Мы поехали вперед. На улицах никого. Докатились до оцепления спецназа. Все выглядело совершенно не так, как накануне. Протестующих было совсем мало. Теория Родриго о согнанных массах начинала походить на правду. Напряжение чувствовалось, но никакого насилия, как вчера, не происходило.

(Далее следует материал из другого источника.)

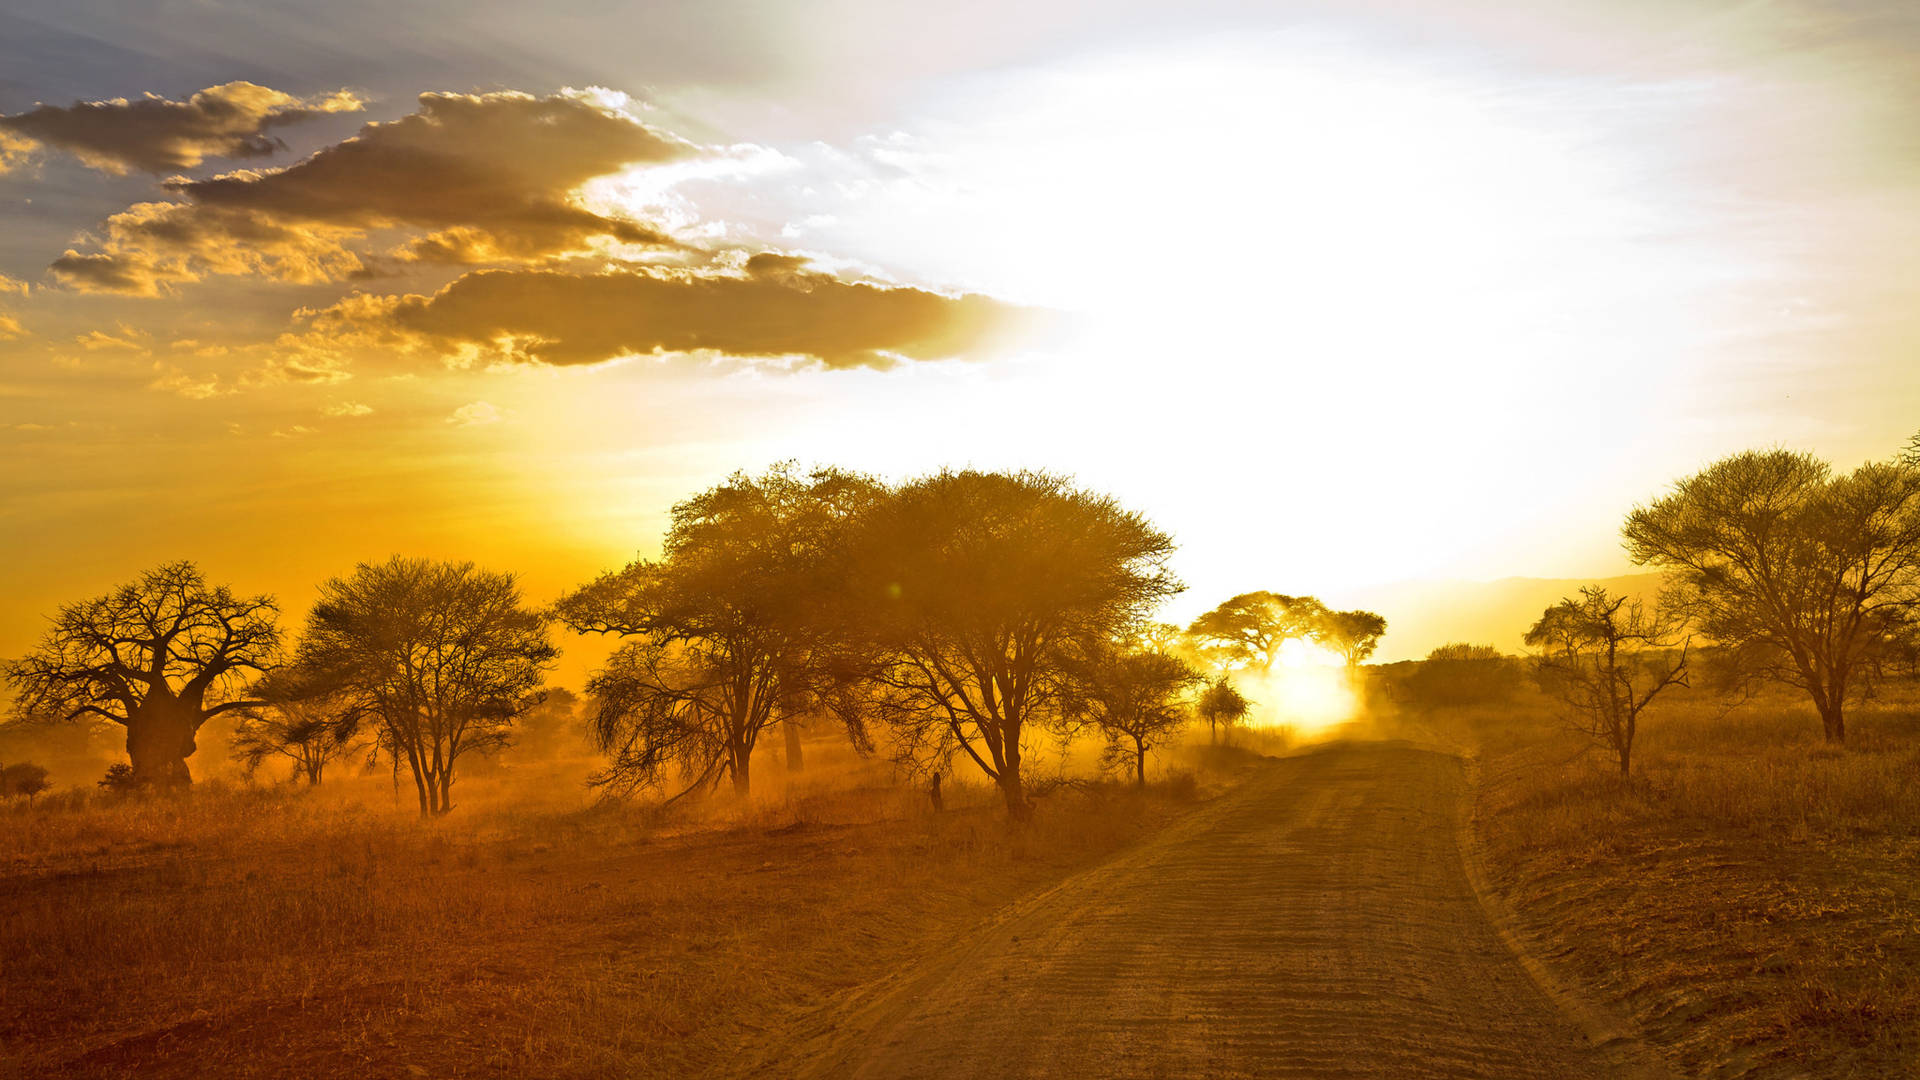 Desert Road In Africa 4k

Рокко вылез выяснить обстановку. Он направился вдоль вереницы спецназовцев к вроде бы главному. Побеседовал с ним и вернулся. «Сеньора, капитан полицейского отряда особого назначения советует не приближаться к тюрьме. Говорит, в данный момент ведутся переговоры с вожаками бунтующих, но обстановка в любой момент может накалиться». Мы с Тересой переглянулись. Мы не уйдем, пока не узнаем, что с нашими любимыми — хоть она и не знает, что мой любимый тоже в этой тюрьме. «Можете подойти со мной к нему?» — попросила я Рокко. «Как скажете, сеньора».

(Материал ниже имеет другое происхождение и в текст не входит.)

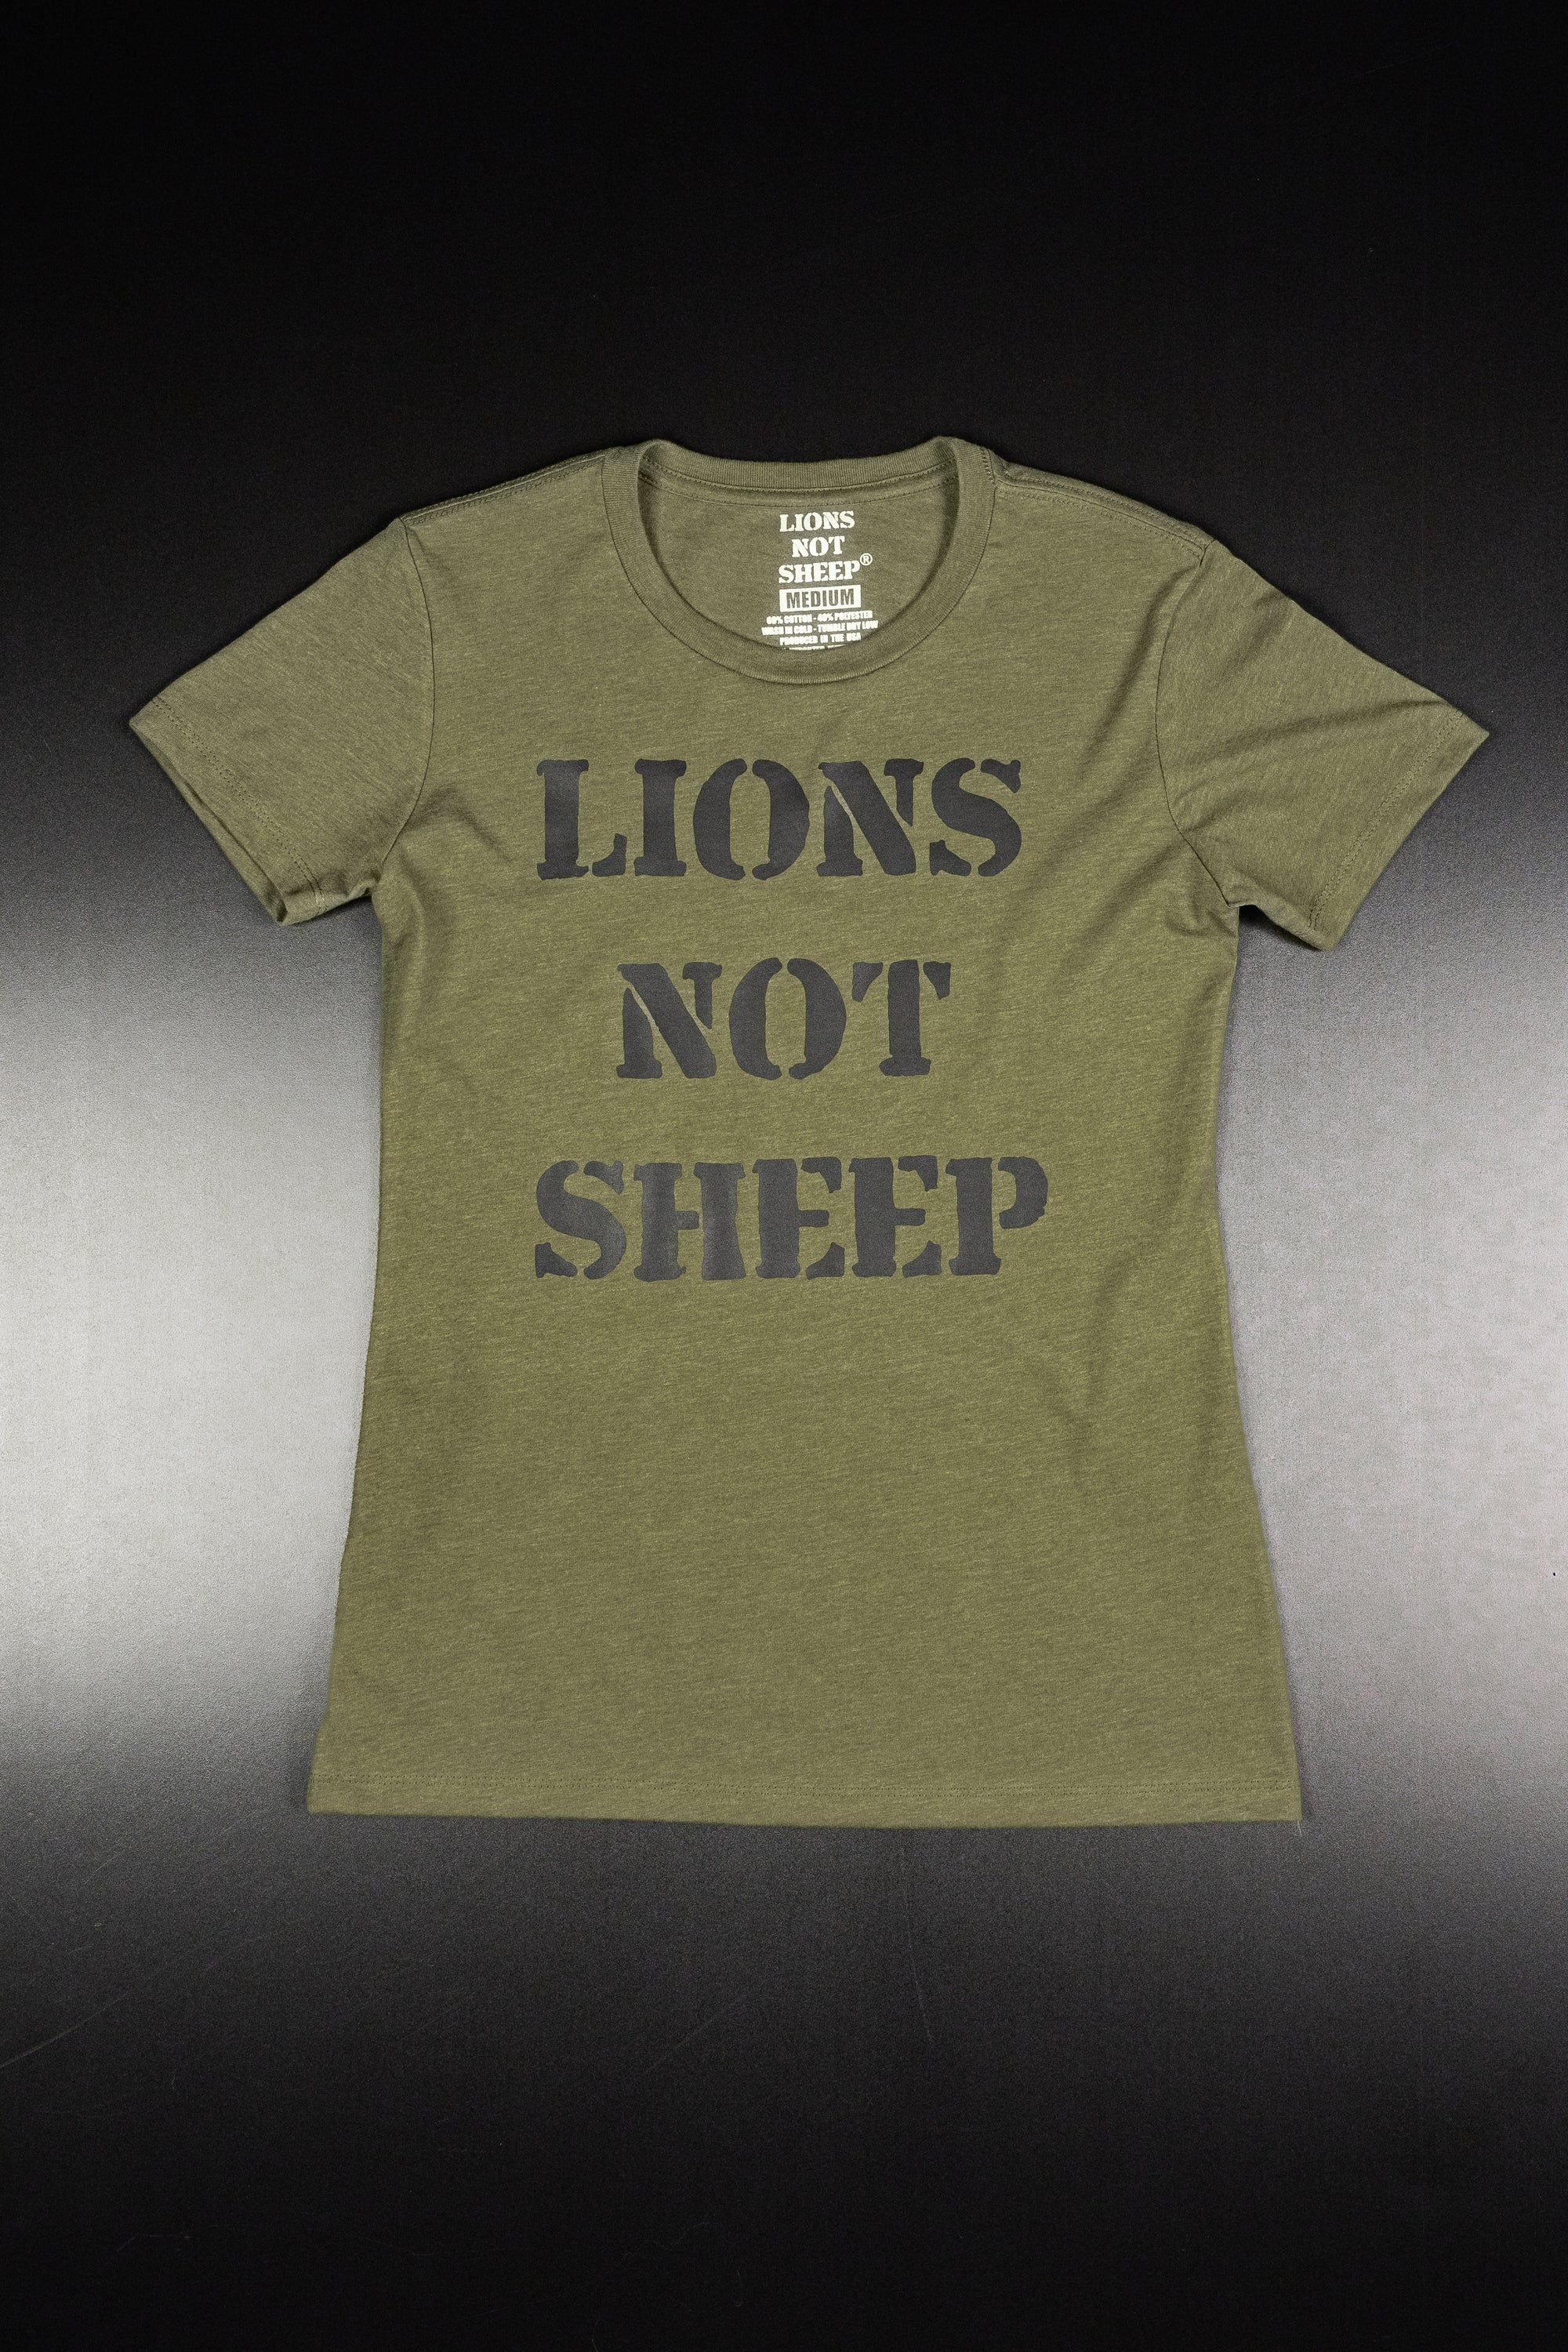 LIONS NOT SHEEP OG Women's Tee - Lions Not Sheep ®

Мы с Рокко, Родриго и Хулианом подошли к капитану. Он не обрадовался. «Добрый день», — кисло сказал он. «Добрый», — ответил Хулиан с широкой улыбкой. Знает, зараза, как включить обаяние в нужный момент. Вдалеке группа протестующих начала нараспев скандировать: «Живыми их забрали, живыми их верните… Живыми их забрали, живыми их верните…» Хулиан глянул на меня и сделал движение подбородком влево. В переулке показалась группа бритых наголо молодых людей. Меньше всего они напоминали родственников заключенных. А больше всего — подосланную правительством ударную группу вроде знаменитых «ястребов», подавлявших беспорядки шестьдесят восьмого и участвовавших в резне на день Тела Христова в семьдесят первом. Видимо, людей в форме власти посылать не решались. Если понадобится подавлять, пусть это делают замаскированные под гражданских вооруженные формирования. Тезисы Хулиана постепенно подтверждались. Бунт устроили неведомые темные силы, и мне, глупой девчонке, невдомек были их мотивы.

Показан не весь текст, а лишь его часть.